Как я узнал, никогда не сдаваться требовал от Дженни школьный тренер. Хлопнуть ладонью по борцовскому ковру – все равно что сказать «сдаюсь». Это мысленное принятие поражения, признание того, что страх способен обратить тебя в бегство. Тренер требовал от своих борцов никогда не сдаваться. Он говорил: «Деритесь до последнего.
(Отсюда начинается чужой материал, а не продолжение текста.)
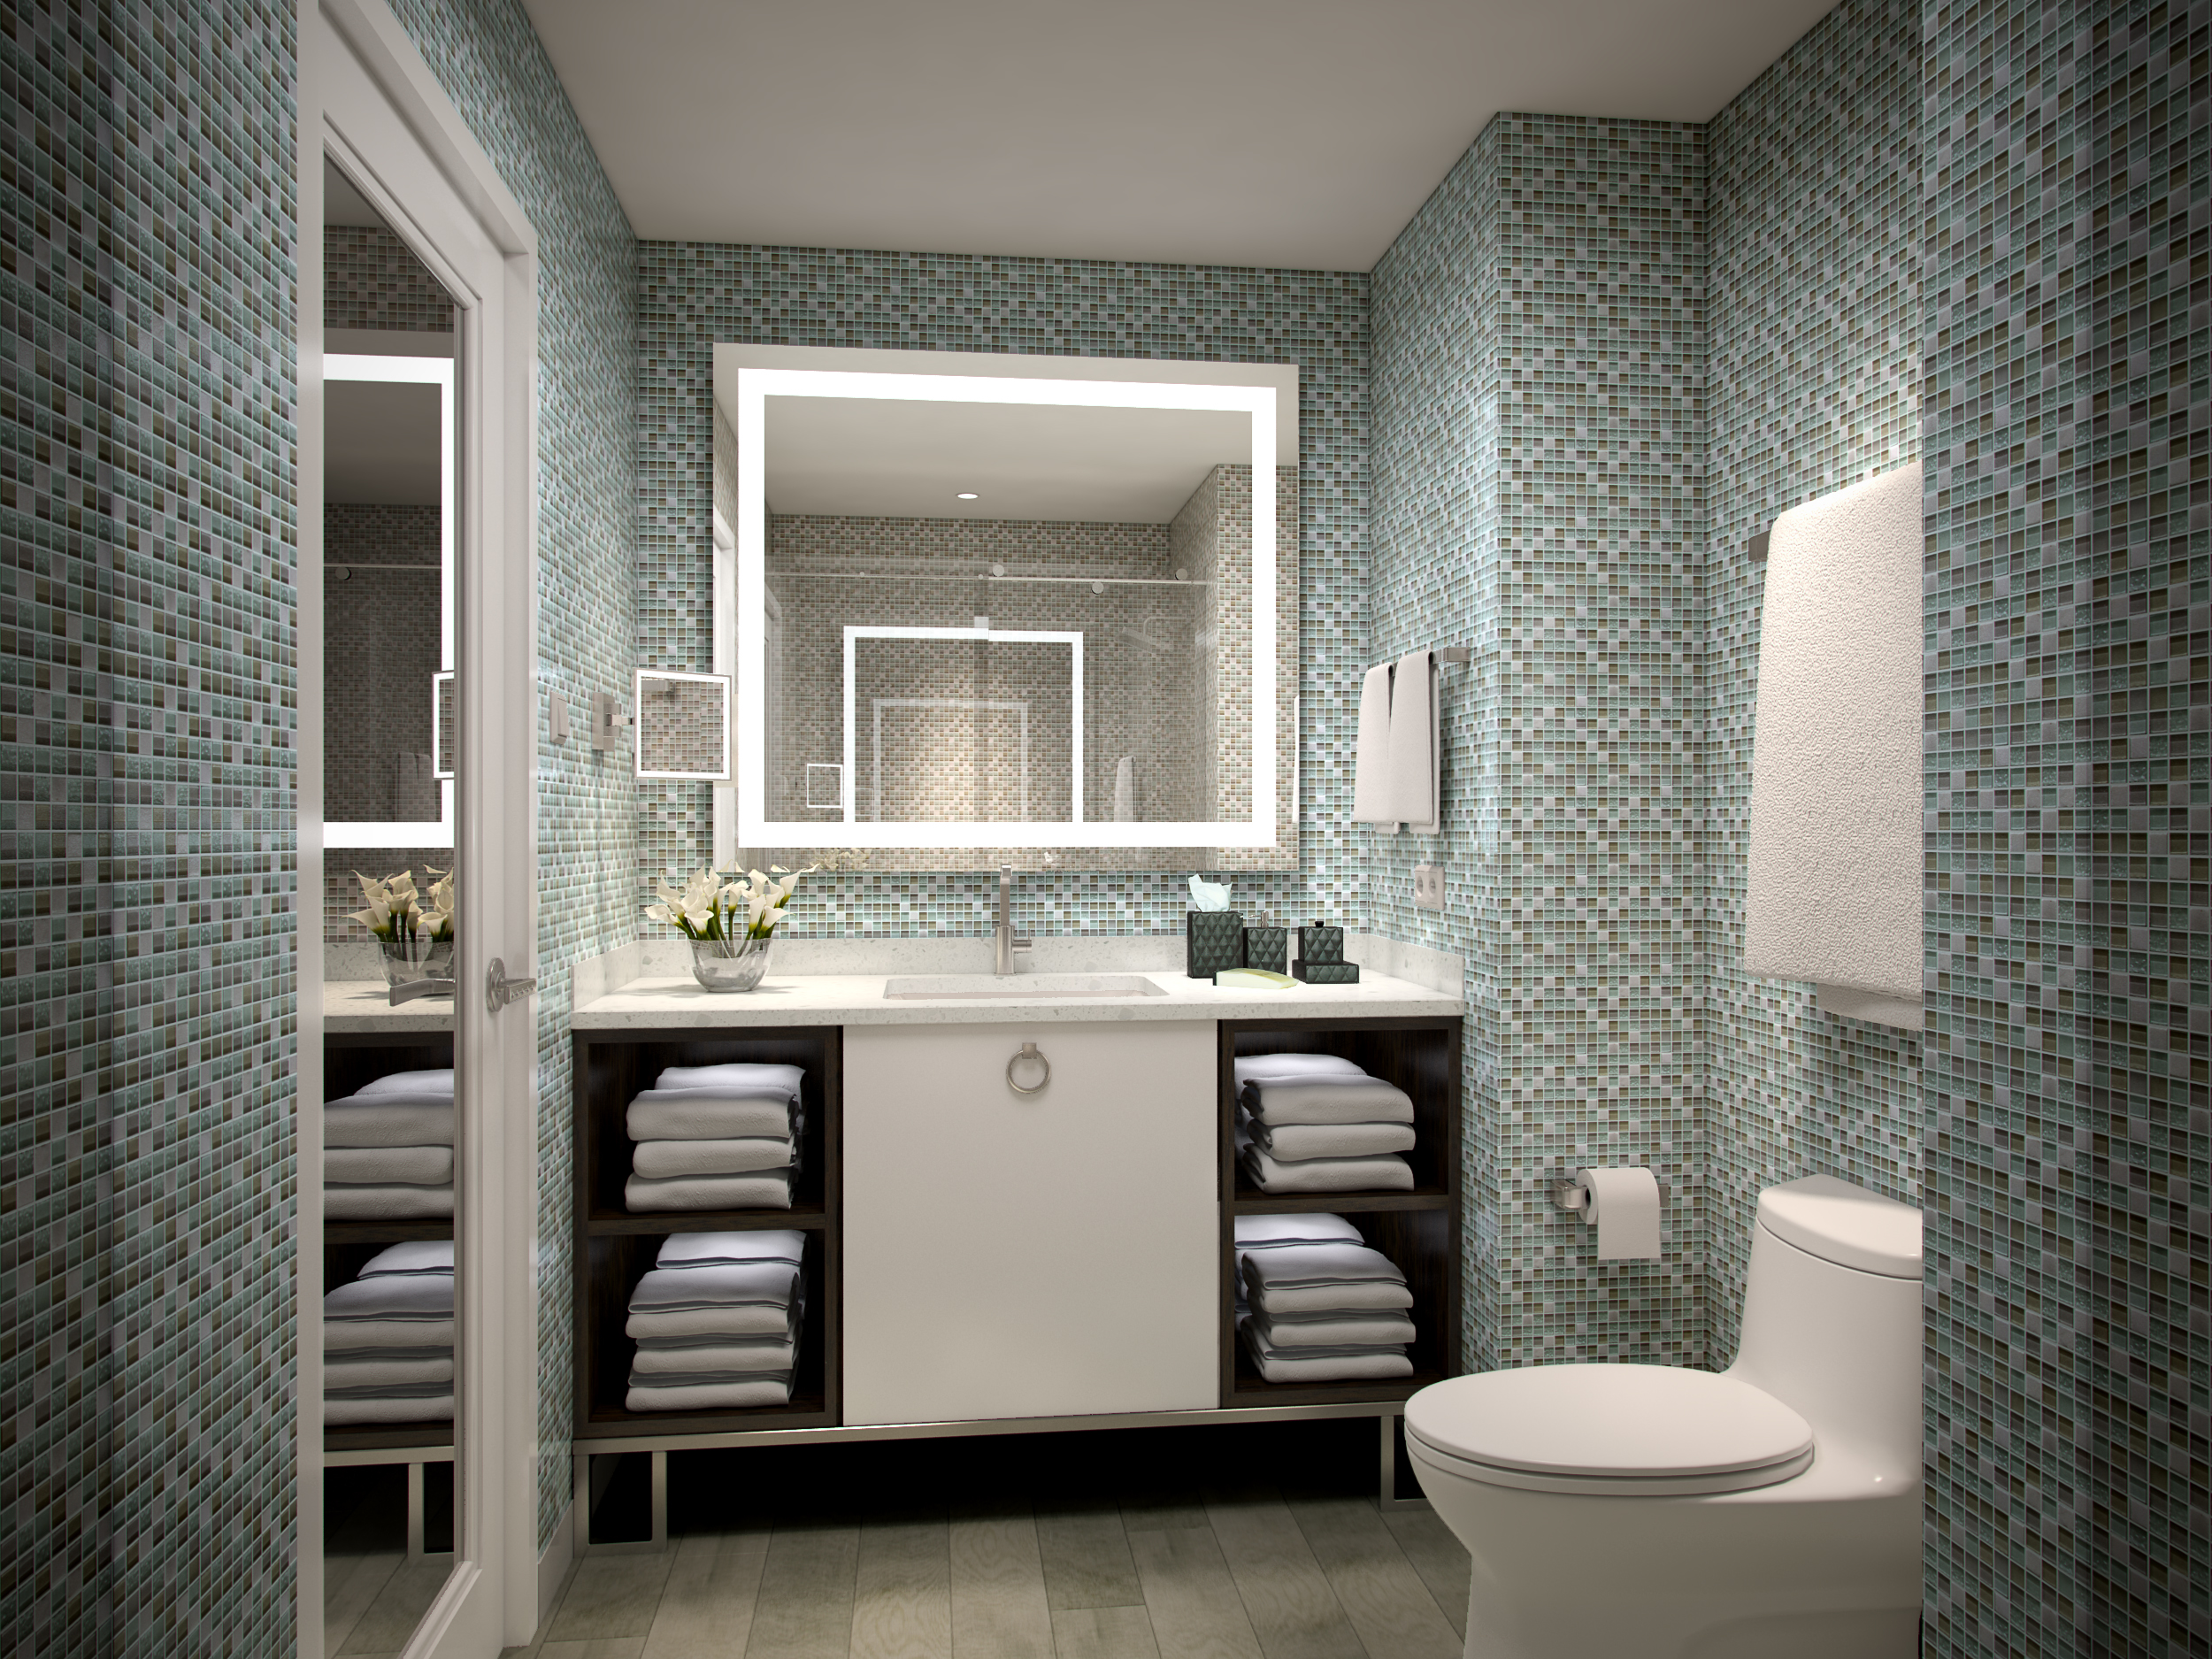 HOTEL ROOM BATHROOM R3

Не позволяйте, чтобы вас загнали в угол».

Для Дженни требование никогда не хлопать по ковру означало подсознательный отказ признавать, что кто-то в силах заставить ее подчиниться. Я выяснил, что эта битва против подчинения началась еще в детстве, в ее отношениях с матерью. Любая разлука с матерью была невыносима для Дженни вплоть до подросткового возраста. На начальном этапе нашей работы Дженни без конца говорила о том, какой чудесной была ее мать, какой заботливой, чуткой и отзывчивой. Любовь ее матери, однако, была удушающе нарциссической и провоцировала беспомощность, зависимость и в конечном счете – подчинение. Хотя я быстро понял, что в их отношениях было что-то нездоровое, Дженни понадобилось много времени, чтобы это осознать.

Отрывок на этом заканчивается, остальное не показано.